* _Dataset content_
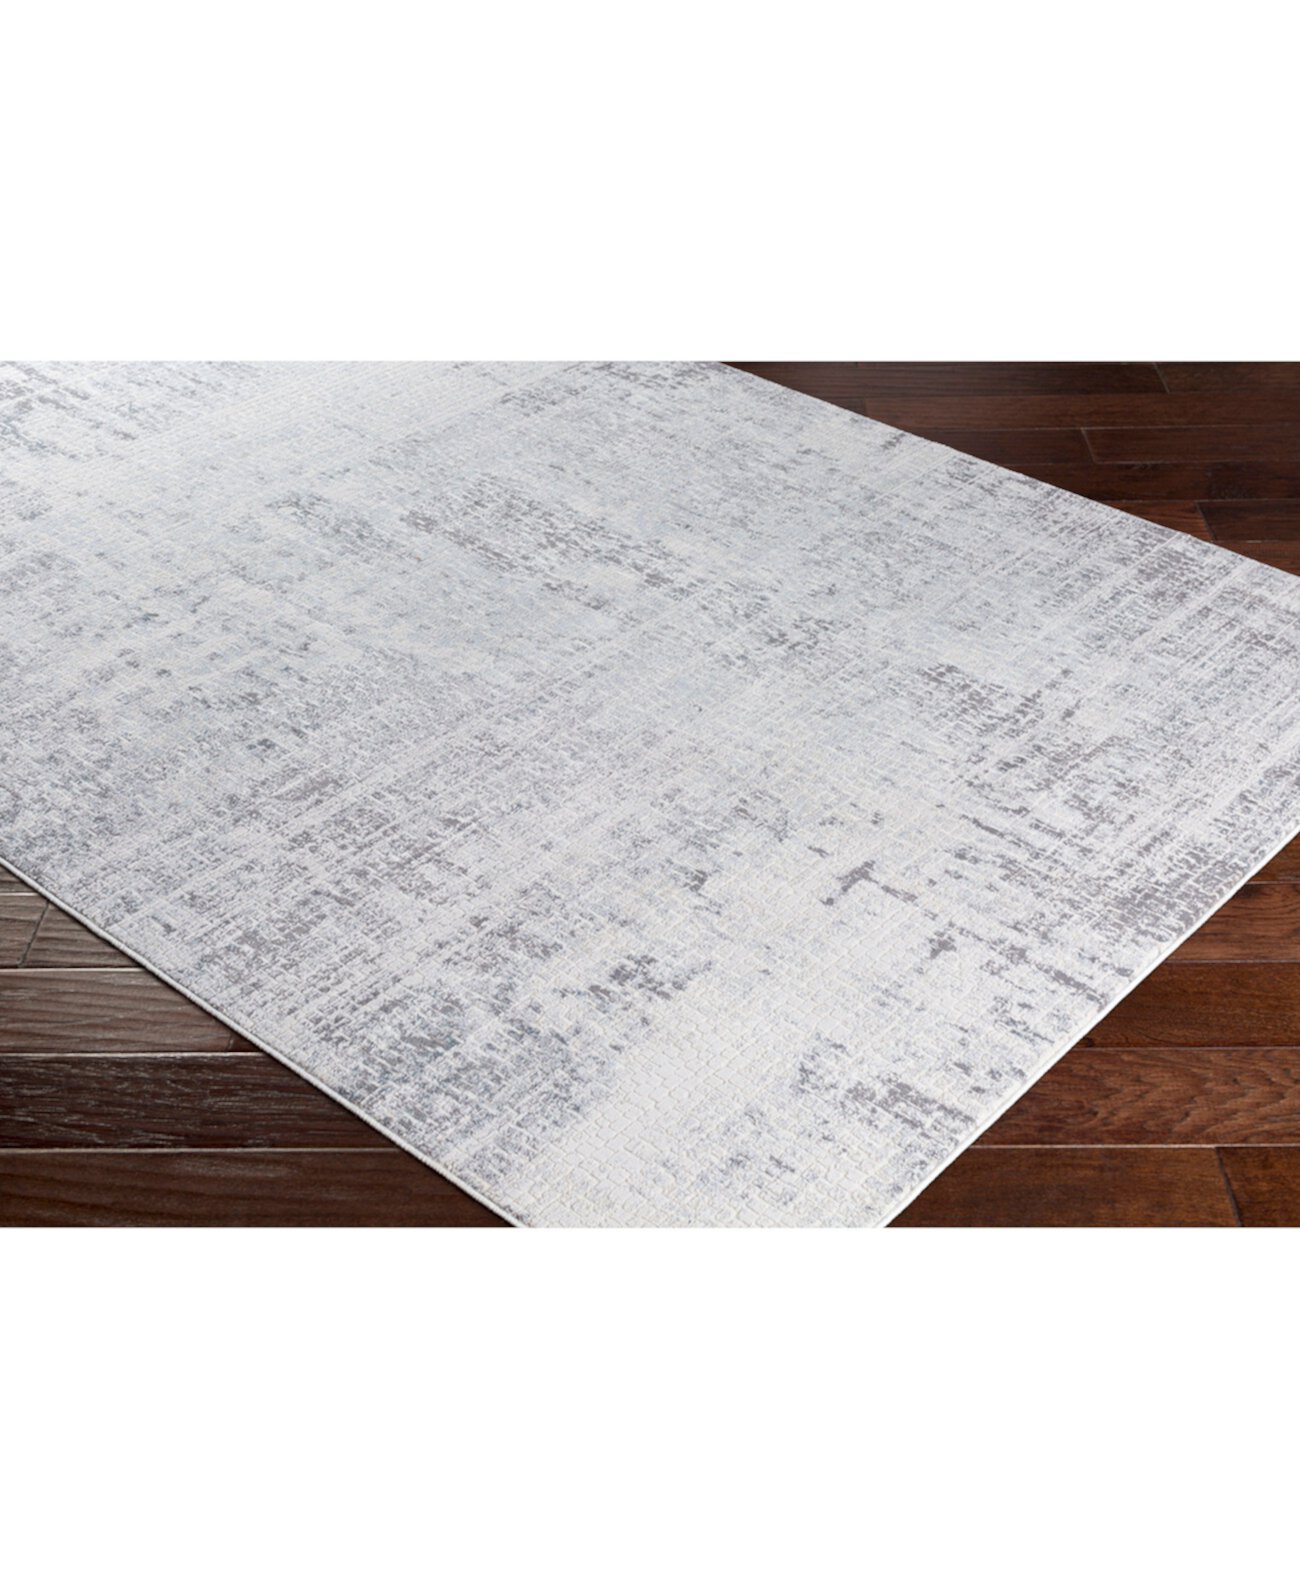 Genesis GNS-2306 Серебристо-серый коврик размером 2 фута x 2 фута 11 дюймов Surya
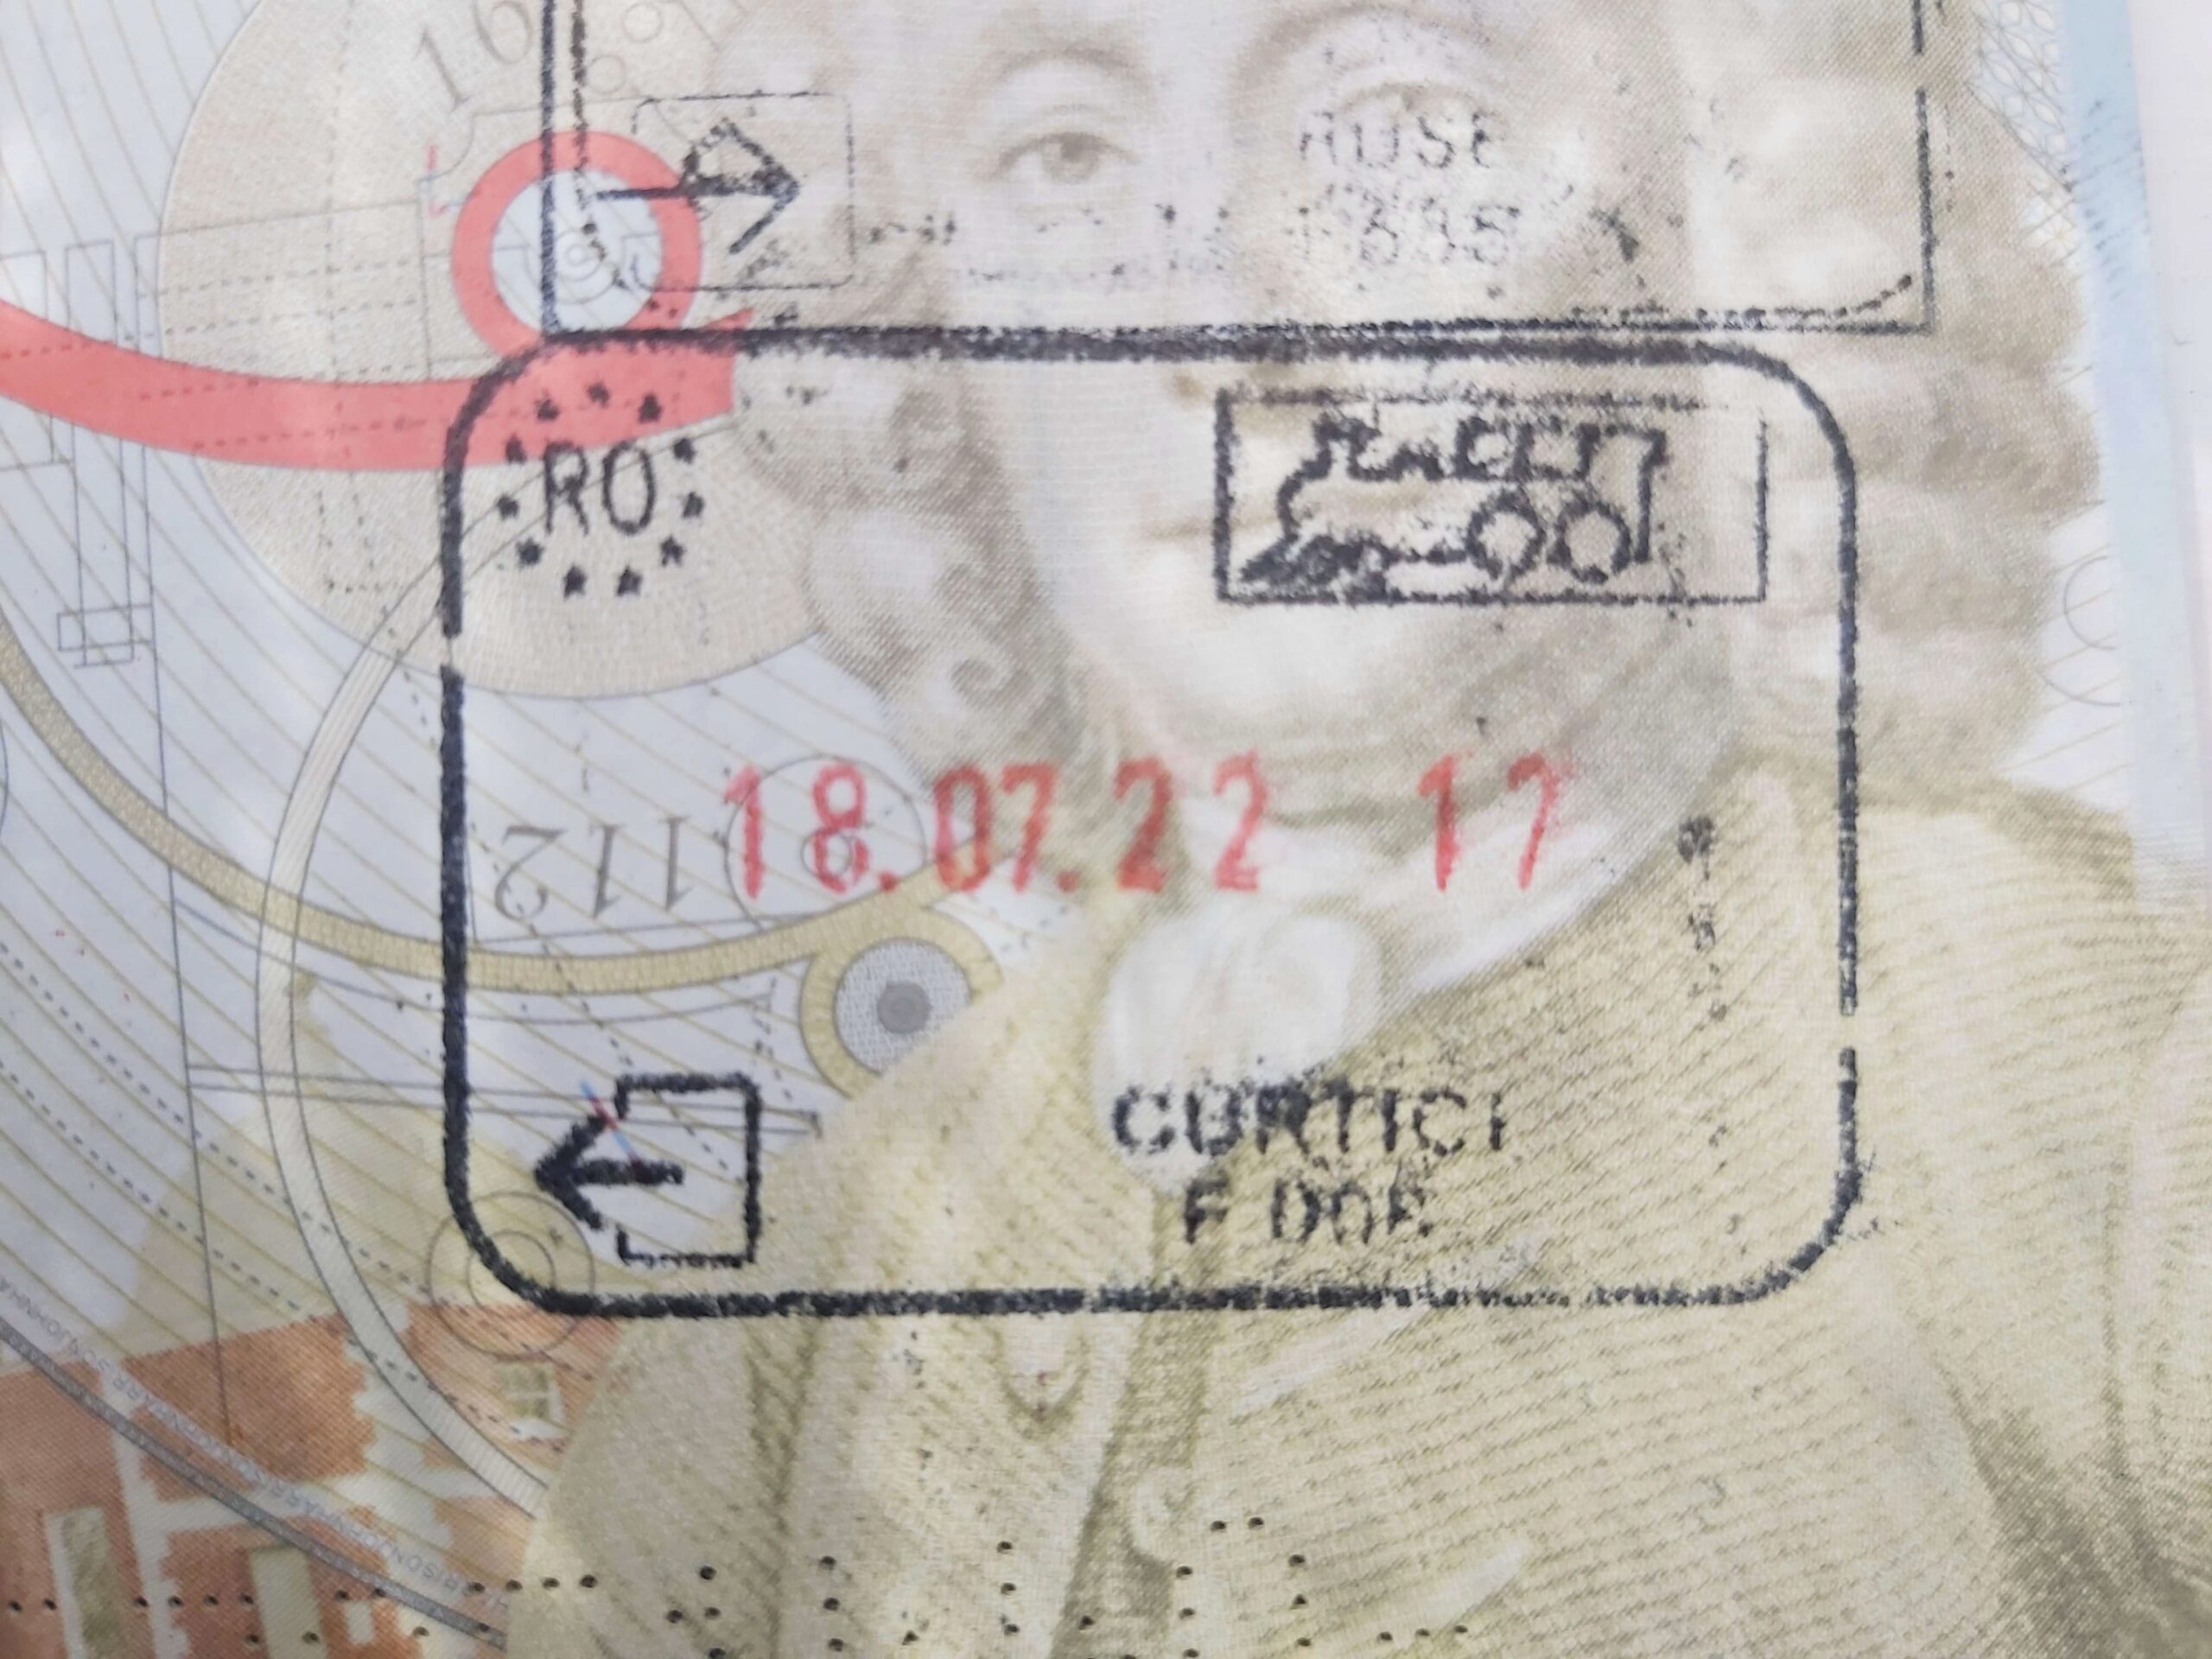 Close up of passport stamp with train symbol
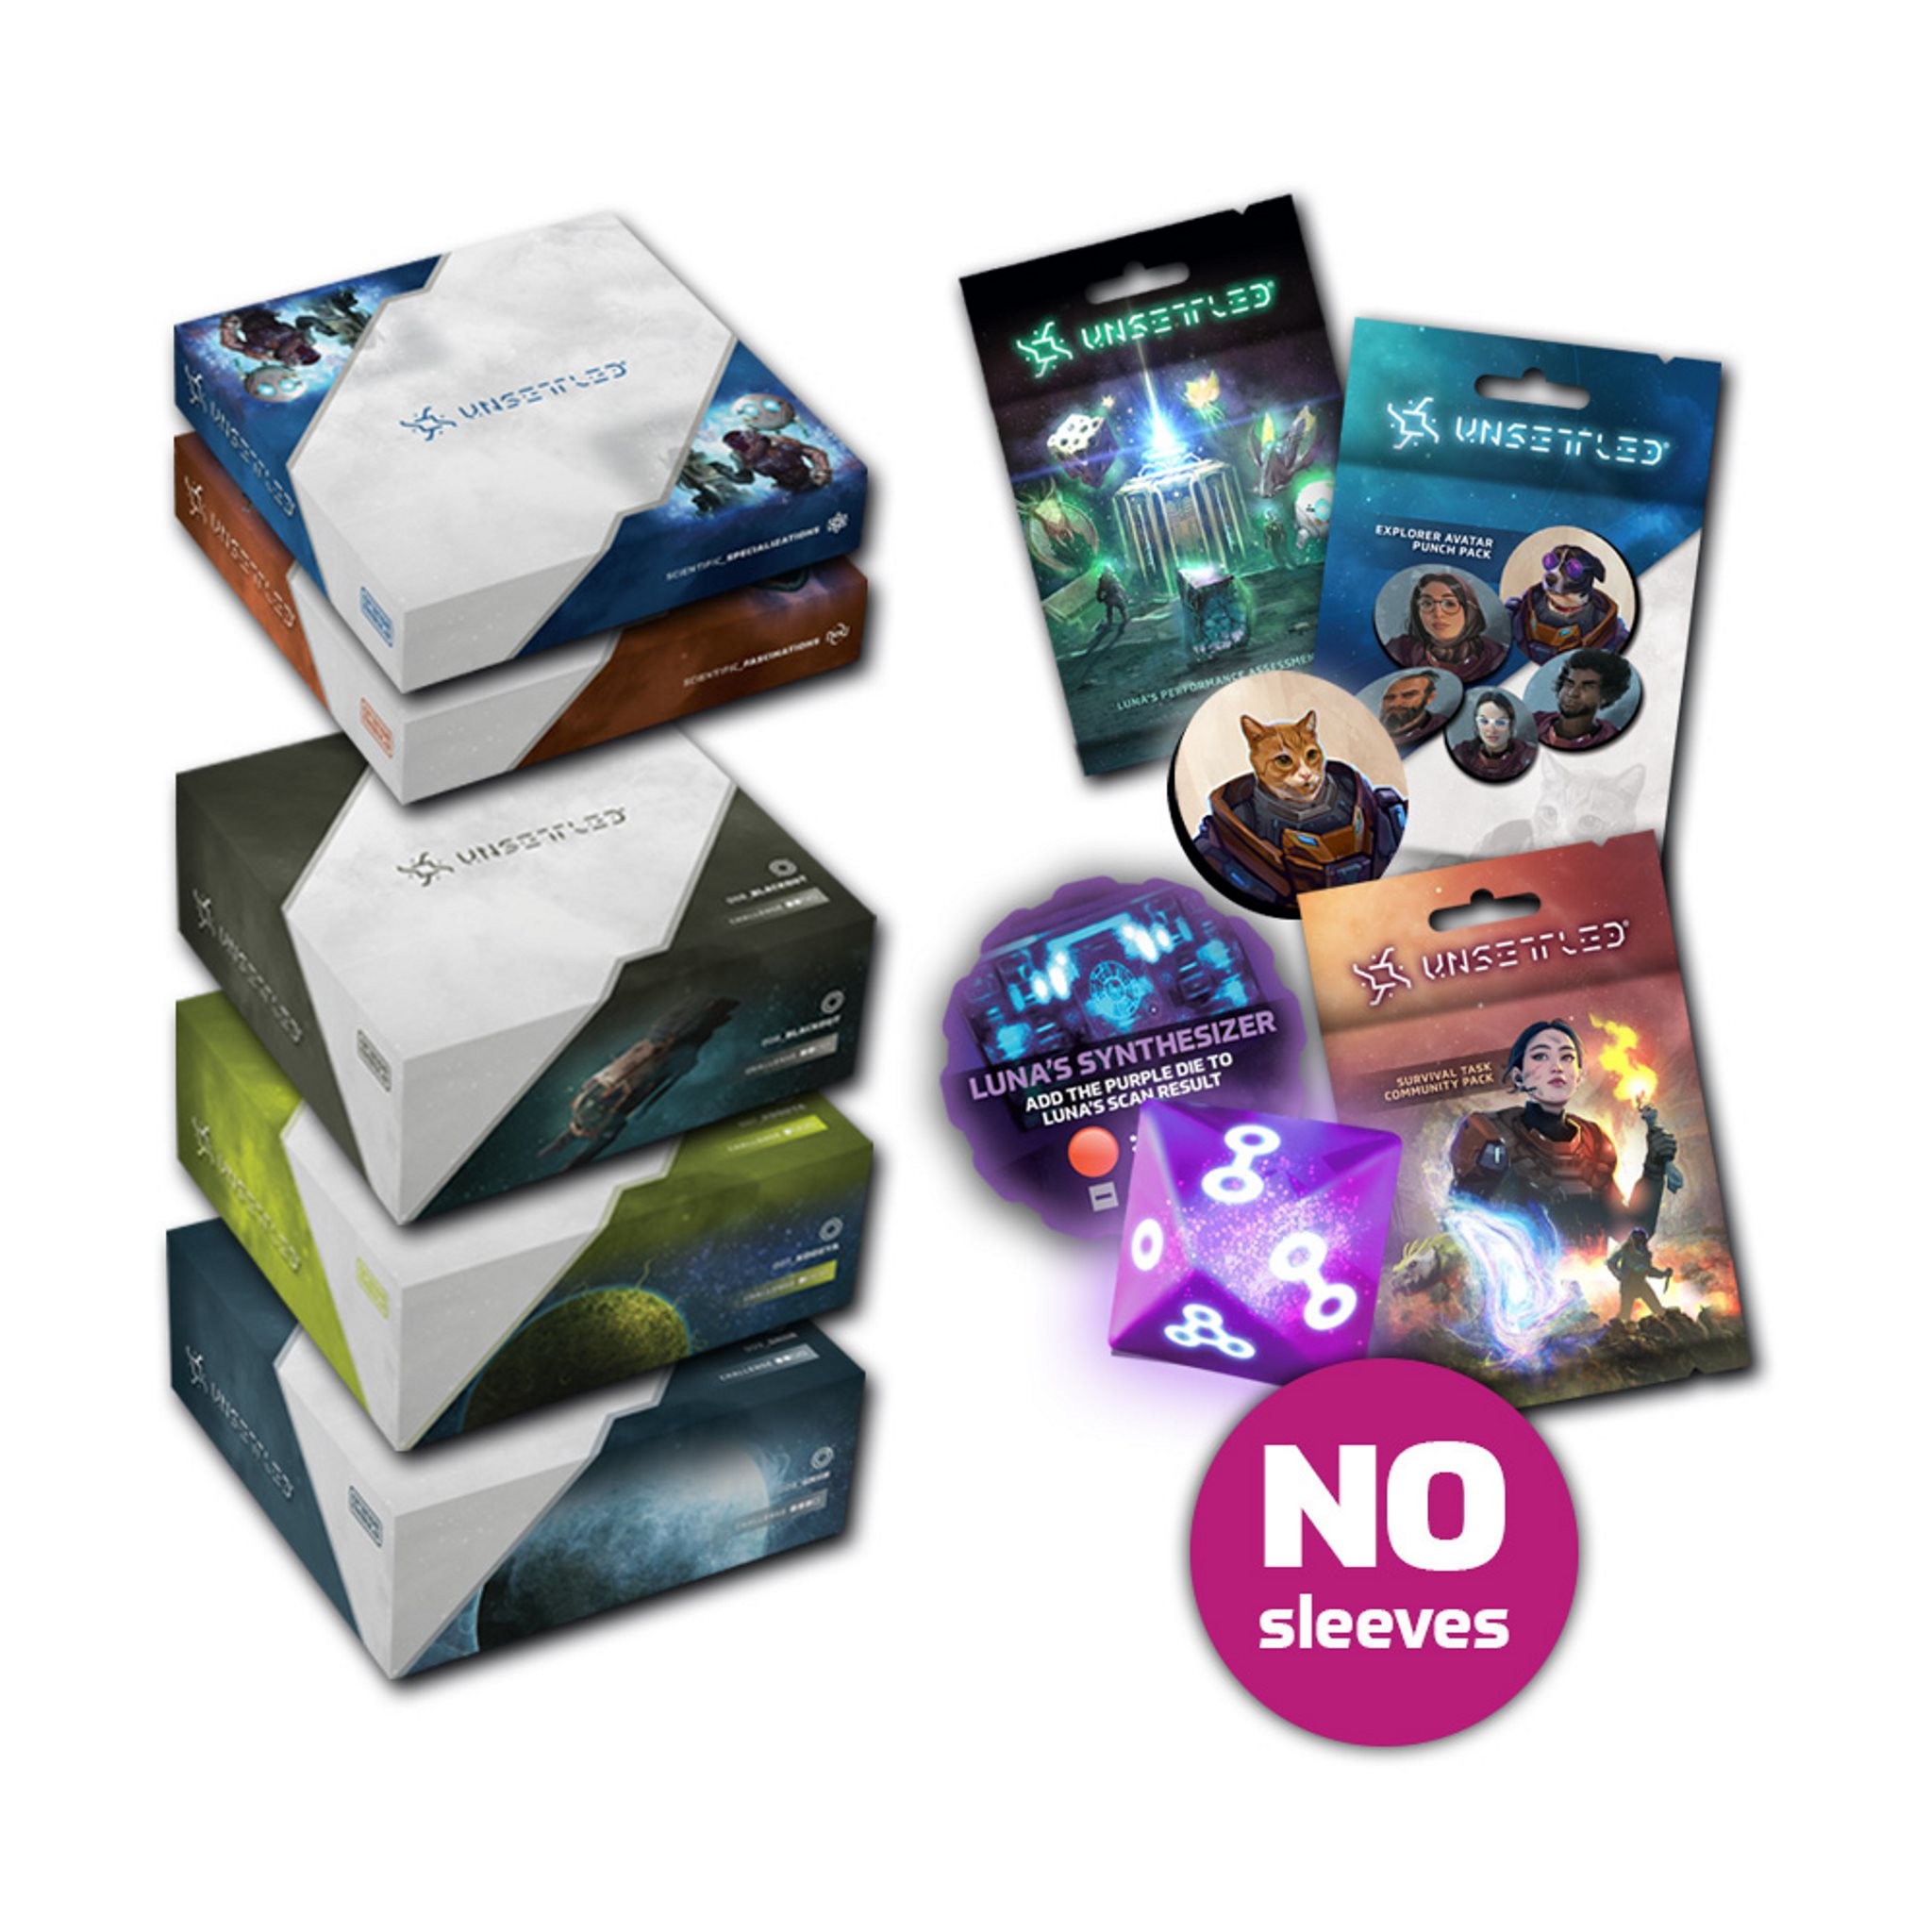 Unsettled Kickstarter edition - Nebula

* _Exercise prompt_
Without any of its pictures, the listing is to be repeated exactly as it stands.

* _Answer to this problem_
 Genesis GNS-2306 Серебристо-серый коврик размером 2 фута x 2 фута 11 дюймов Surya
 Close up of passport stamp with train symbol
 Unsettled Kickstarter edition - Nebula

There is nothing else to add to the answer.